The Railgon Company, (reporting marks GONX, GNTX) established in 1979, is an American company that owns railroad gondola cars available for use by multiple railroads by placing the cars in a cooperative pool.

Shipments in gondola cars and other rolling stock are often used to transport goods on more than one railroad before reaching the receiver. Under the regulations governing railway transport, individual railroads paid fees, called car hire, for the time and mileage to utilize other railroads’ railcars (whether loaded or empty) Car hire was designed to promote the rapid return of rolling stock, since delays equated to extra money spent.

Because of the desire to reduce costs by minimizing car hire, non-owning railroads may have declined the practice of allowing cars to continue on past their initial destination to points further from the car's "home". This had the effect of decreasing efficiency on these lines, and Railgon (and Railbox) used this argument to promote use of their rolling stock.

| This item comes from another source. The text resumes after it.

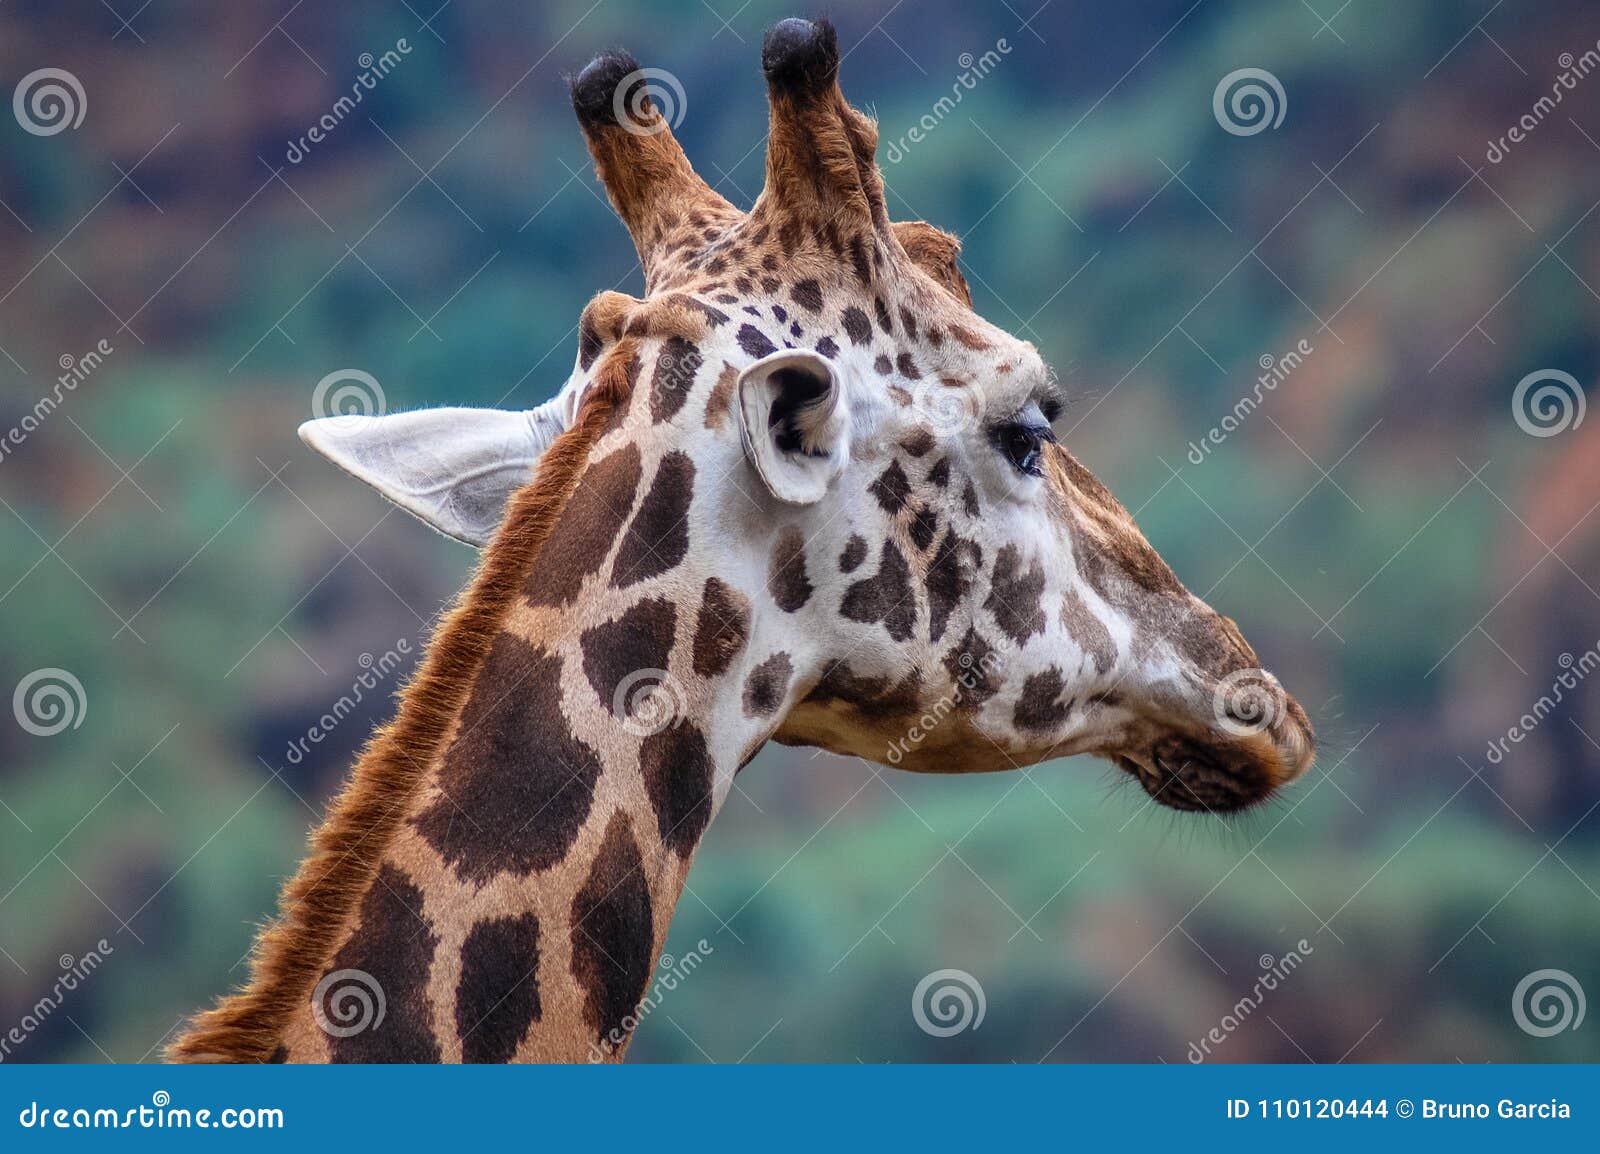 giraffe in cantabria natural reserve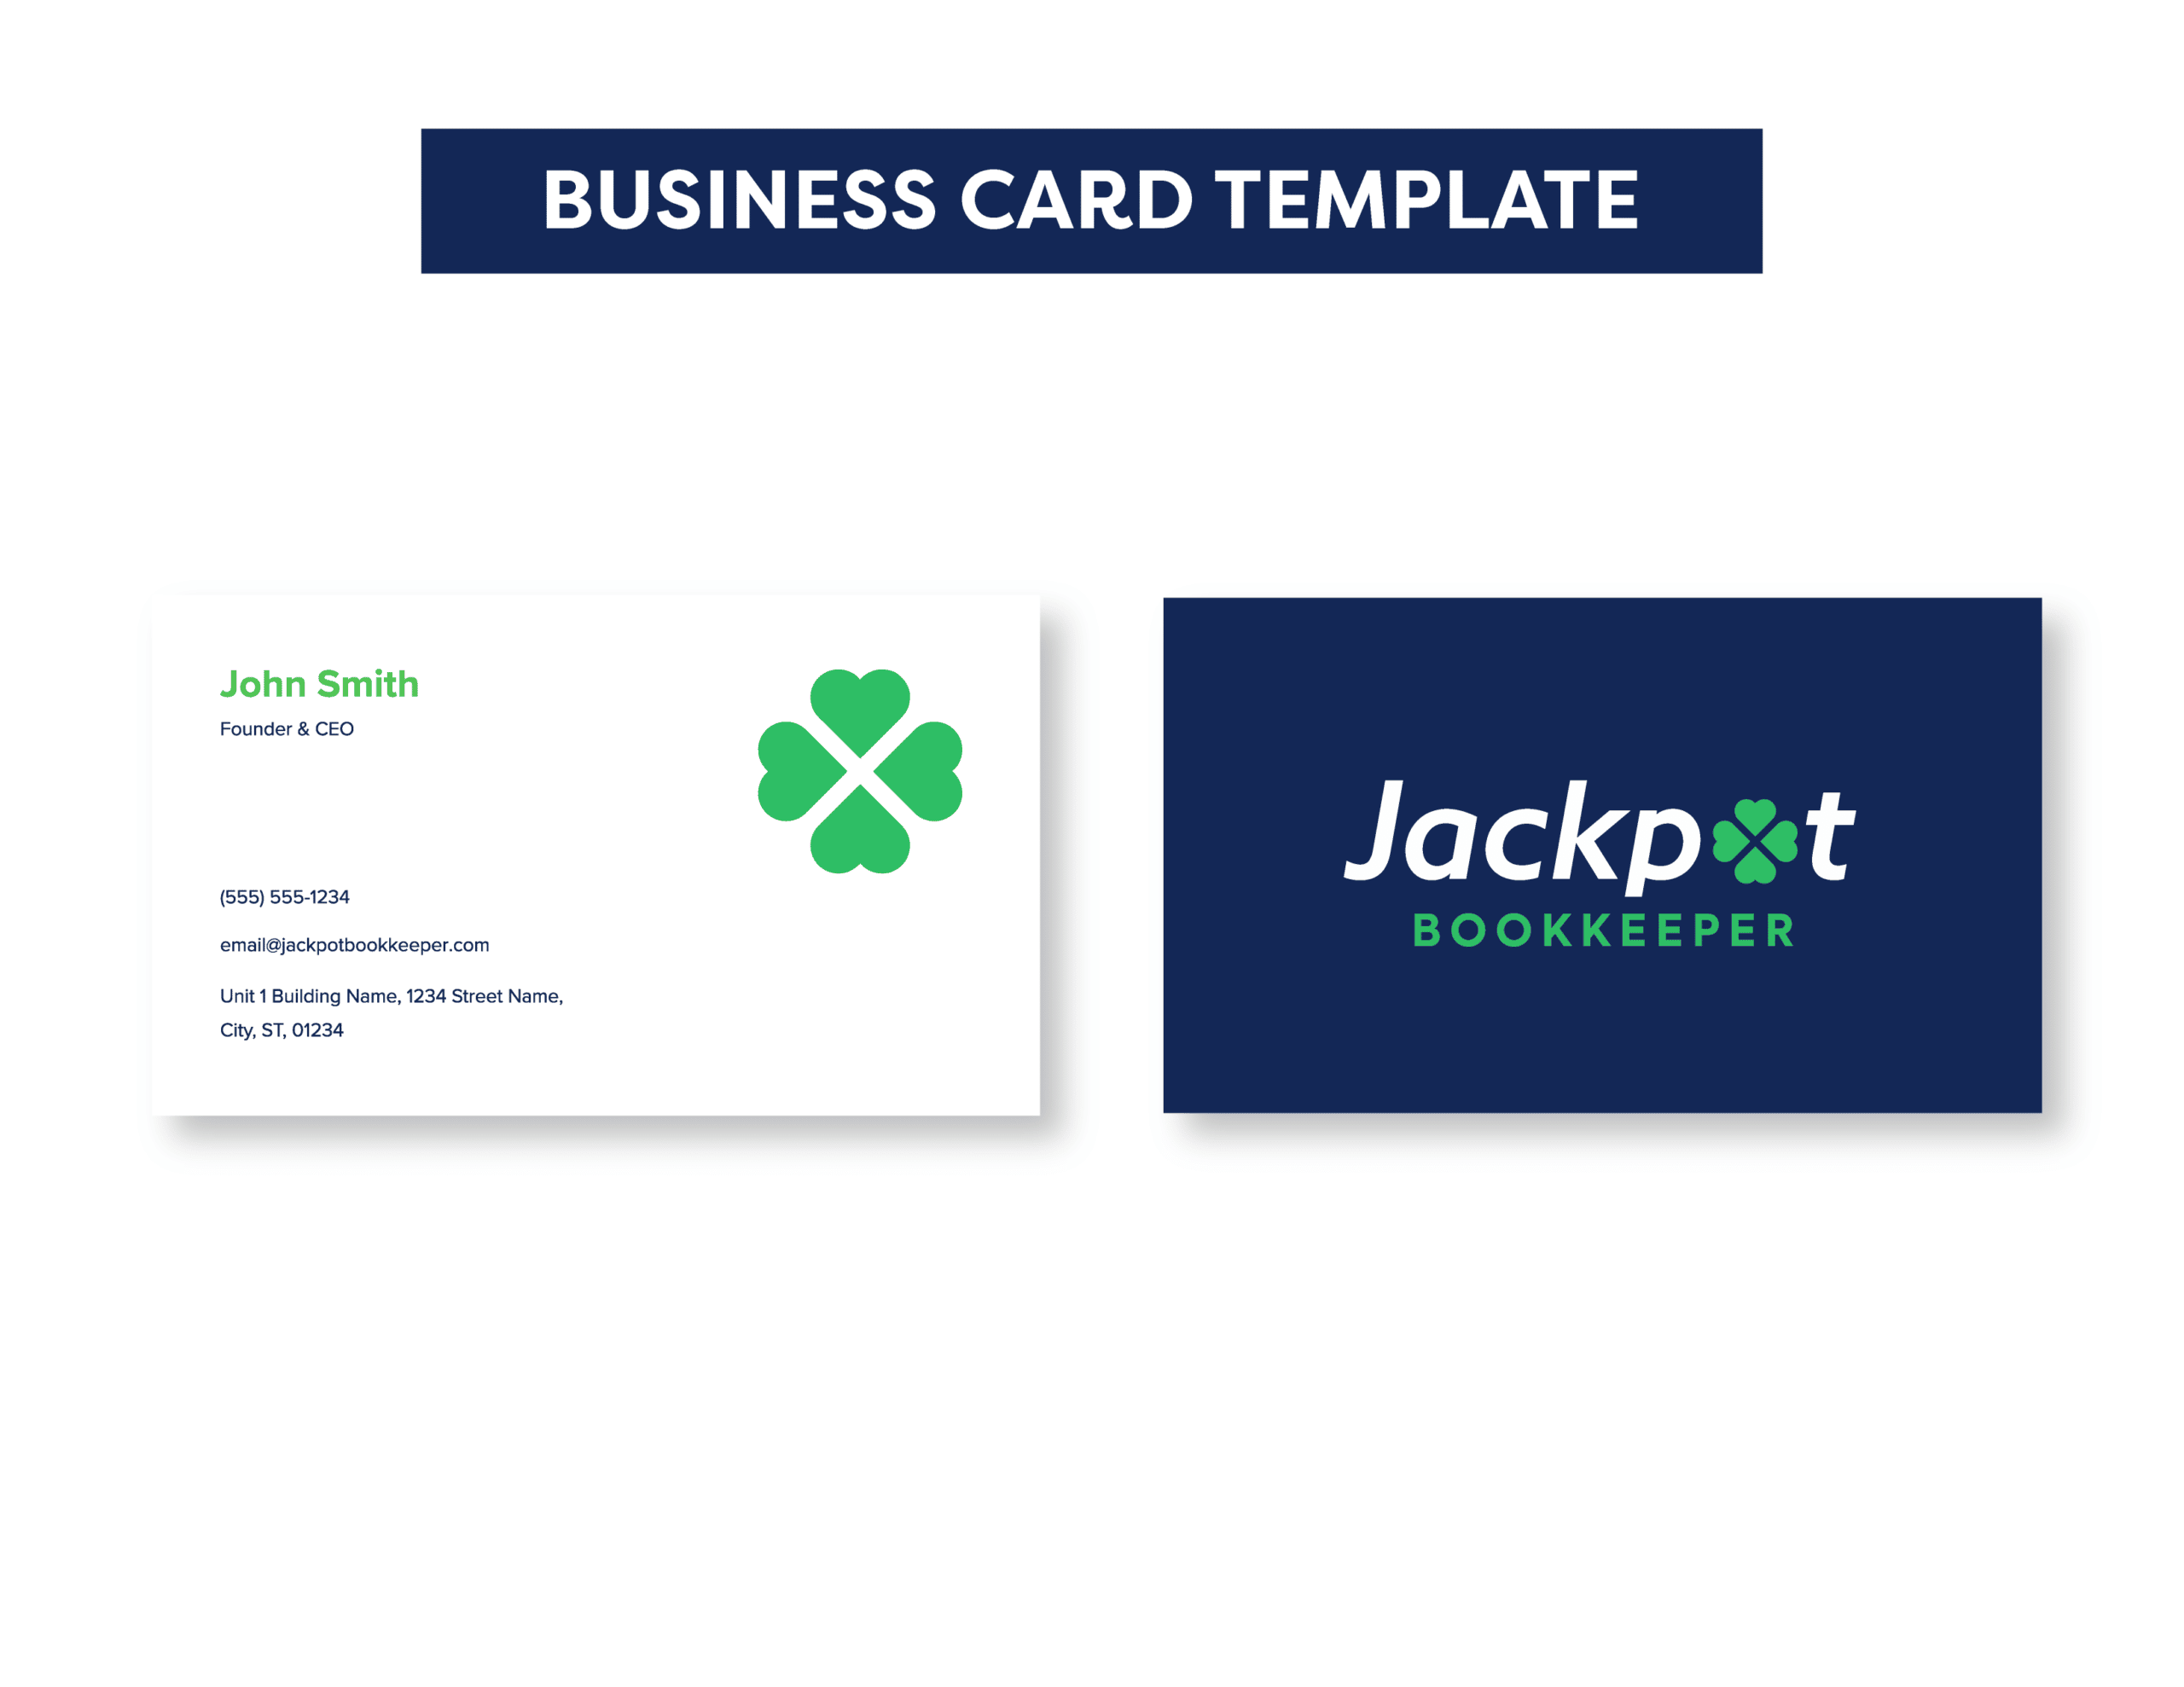 04Jackpot_BK__Business Card Template

Railroad deregulation as part of the Staggers Act reduced the need for this service, and the use of this cooperative arrangement consequently declined. As a result, today the Railgon pool is significantly smaller than at its peak.

Railgon (and the similar Railbox Company) are currently subsidiaries of TTX Company, formerly the Trailer Train Company, which is owned by multiple railroads and leases cars to them. There are currently 1188 cars in the Railgon fleet, compared with over 13,000 boxcars in the Railbox fleet.